*DATA LISTING*:
====================

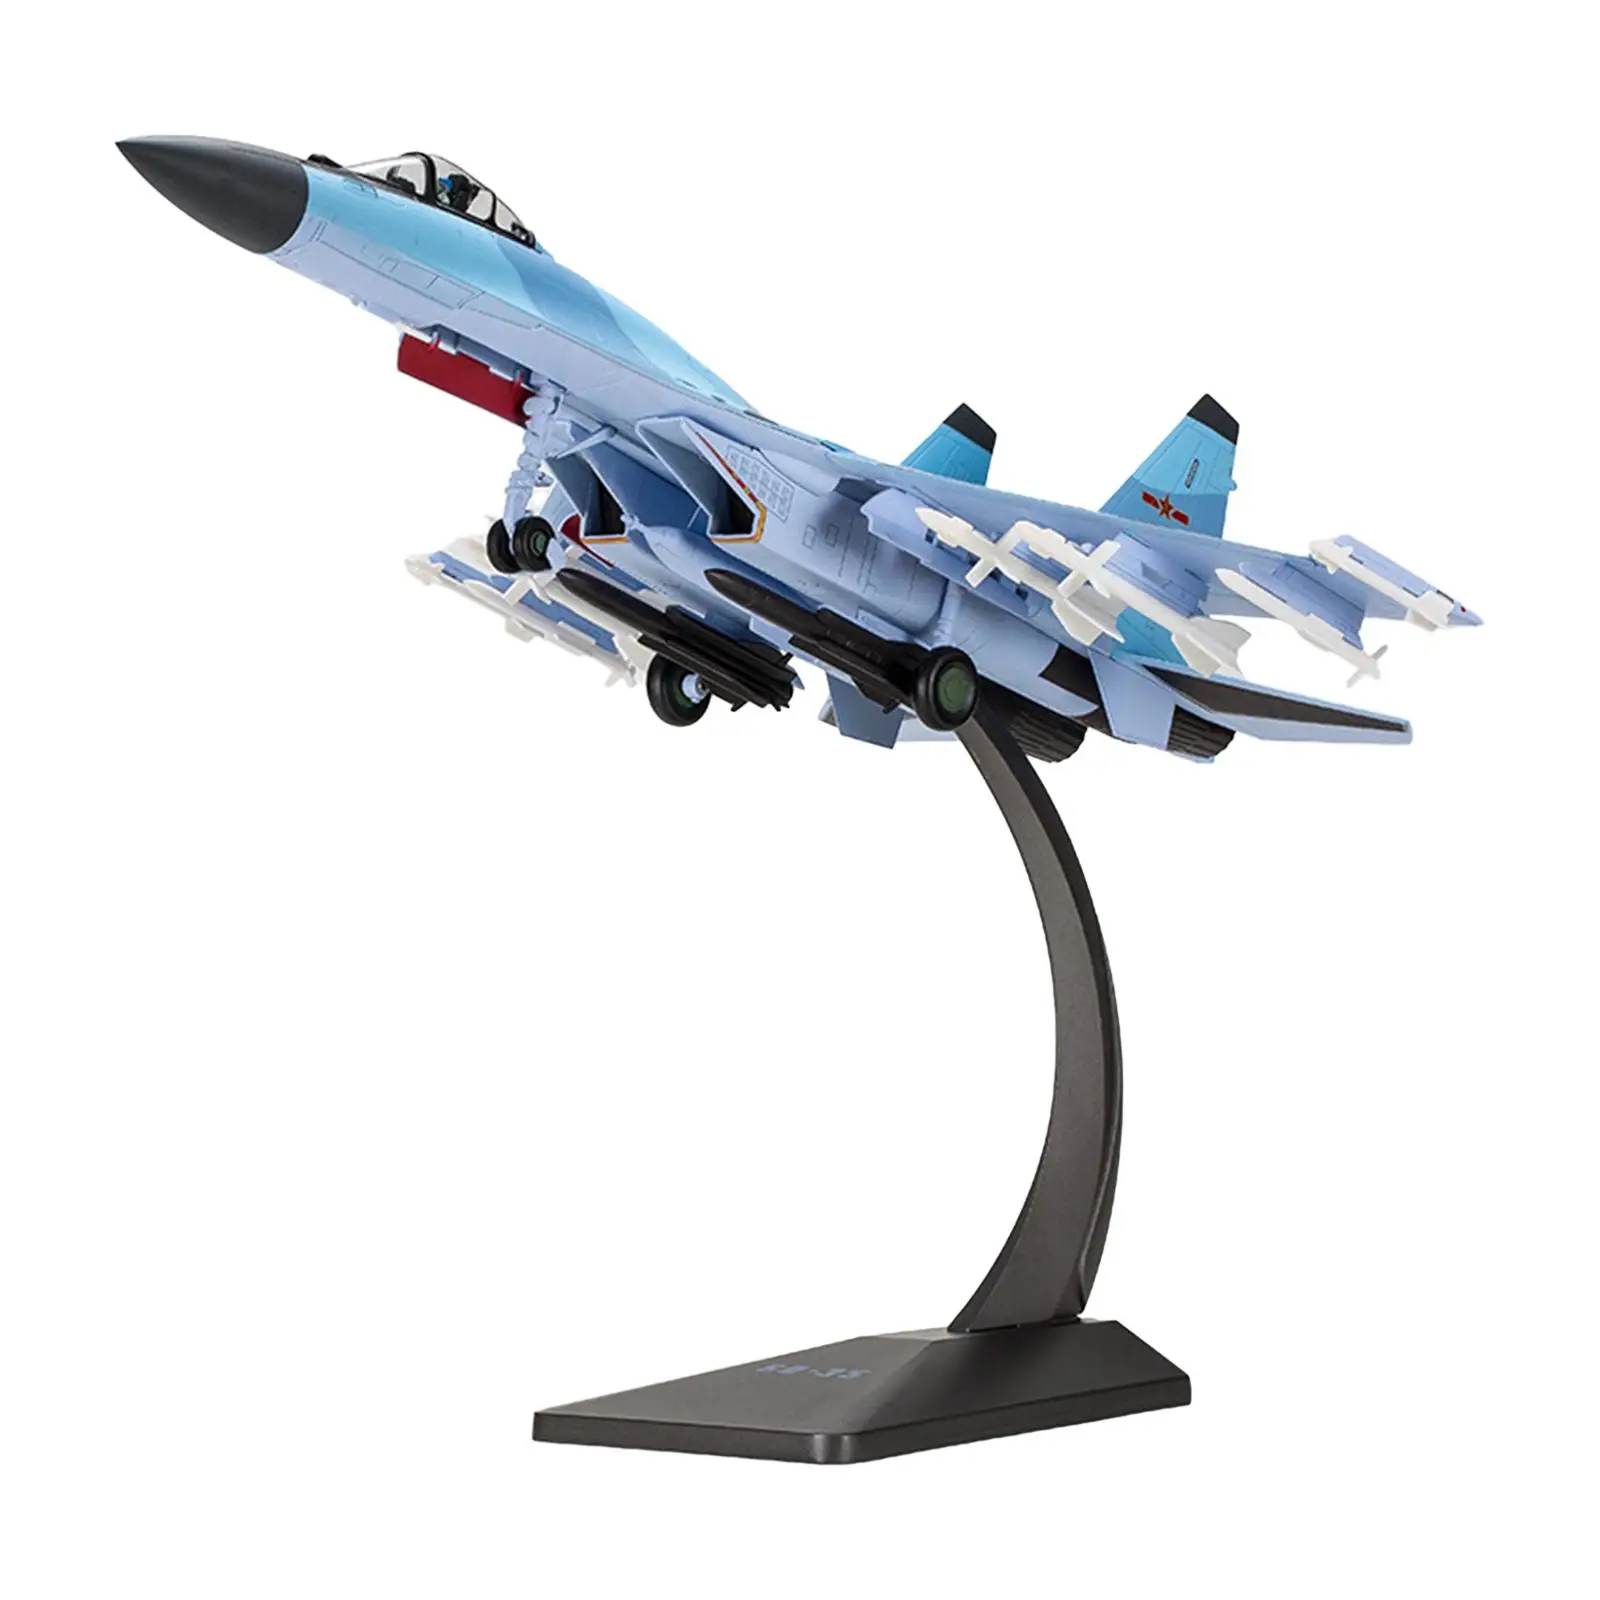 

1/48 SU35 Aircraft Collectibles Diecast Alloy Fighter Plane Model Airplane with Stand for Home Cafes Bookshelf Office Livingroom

====================

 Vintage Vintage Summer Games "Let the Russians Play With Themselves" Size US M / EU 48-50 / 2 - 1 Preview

====================

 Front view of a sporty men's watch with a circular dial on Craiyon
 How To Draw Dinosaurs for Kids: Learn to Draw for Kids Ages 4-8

====================

*BRIEF*: Retype the records above, but only those lines that fall between the line containing "Front view of" and the line containing "How To Draw", with both of those lines included, exactly as written.

*EXERCISE RESULT*:
 Front view of a sporty men's watch with a circular dial on Craiyon
 How To Draw Dinosaurs for Kids: Learn to Draw for Kids Ages 4-8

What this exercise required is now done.